The prevalence of corneal laceration in the present study was 0.4%. The prevalence of corneal laceration in Kashan, Iran (24), Isfahan, Iran (25), and Cairo, Egypt (3), was, respectively, 18.6%, 1.3%, and 4.6%.
Furthermore, in the present study, 16.7% of all hospitalized cases were due to corneal laceration; this rate was 77.3% and 23.2% in the studies by Abdellahi (26) and Norouzpour (27), respectively. Corneal laceration is very dangerous due to the possibility of intraocular infection in and damage to the inner structure of the eye (28).
In our study, 1% of all emergency cases had chemical burns, of this amount, 0.8% of burns were due to acidic substances and 0.2% due to alkaline substances. In Jafarinasab study , the rate of chemical burns was 0.86% and the majority of these cases were due to acidic substances (13), which was in agreement with the results of the present study. The prevalence of chemical burns in the study by Mansouri was 14.4% (29), which was much higher than that in the present study. In the present study, all individuals with chemical burns were men (n = 21) and 57.1% of them were in age range of 16-39 years. This age and gender prevalence was in accordance with other studies in other parts of the world (30, 31). In the current study, the location of accident occurrence was not assessed. Some chemical burn cases are due to household detergents which are mostly observed in women; however, the researches have shown that most chemical burns are due to occupational incidents.

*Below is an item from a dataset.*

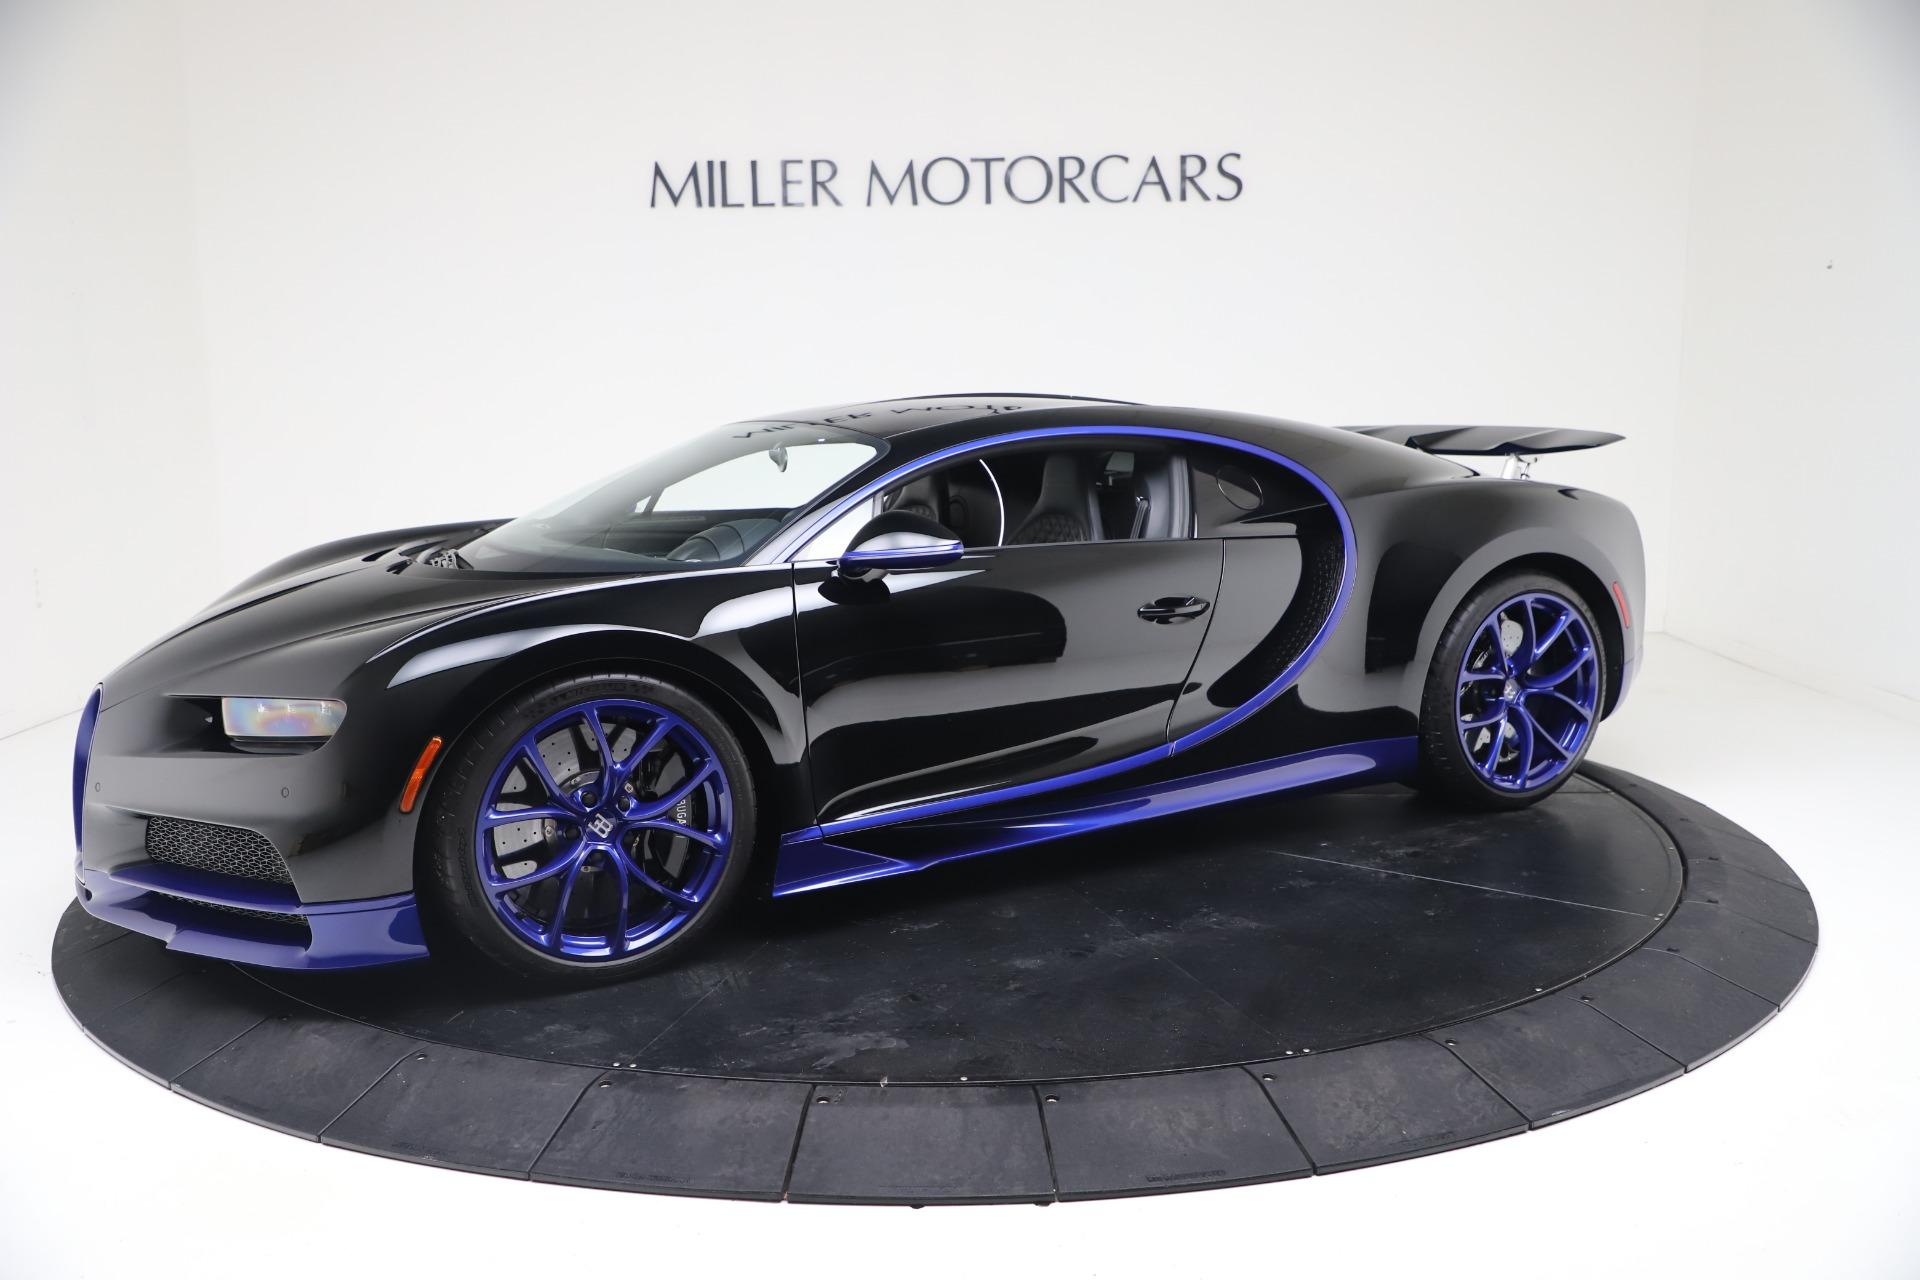 Used 2018 Bugatti Chiron for sale Sold at Maserati of Greenwich in Greenwich CT 06830 1

A limitation of this study was incomplete records and lack of documentation for some patients. This issue can impact the reported statistics, but considering the electronization of the hospital admission and clearance procedures, its impact is insignificant. It is suggested that future researches be conducted as prospective studies. The lack of assessment of the time and location of the occurrence of the incident and use of protection equipment was another limitation of this study; thus, it is suggested that they be evaluated in future studies.
Conclusion
In the present study, the most common cause of referral to the ocular emergency unit was OFB, especially in men, which seems to be due to occupational incidents. Moreover, the prevalence of penetrating trauma was significant in the present study. It seems that the prevalence of some ocular emergencies, such as corneal laceration, in Rafsanjan was somewhat less than other mentioned areas. However, the prevalence of OFB was high which was mainly due to free dust and welders’ low use of eye protection equipment. Although the use of eye protection equipment was not evaluated in the present study, it is an important issue in the process of the protection of eyes from trauma.
Acknowledgment
The authors would like to thank the deputy of research of the School of Medicine, Rafsanjan University of Medical Sciences, for the financial and moral support, the chief of the Moradi Hospital for permitting the use of hospital records and statistics, and the manager of Patient Admission Center, , personel of medical records and information technology unit for access to records and statistics.
Conflict of interests: None declared.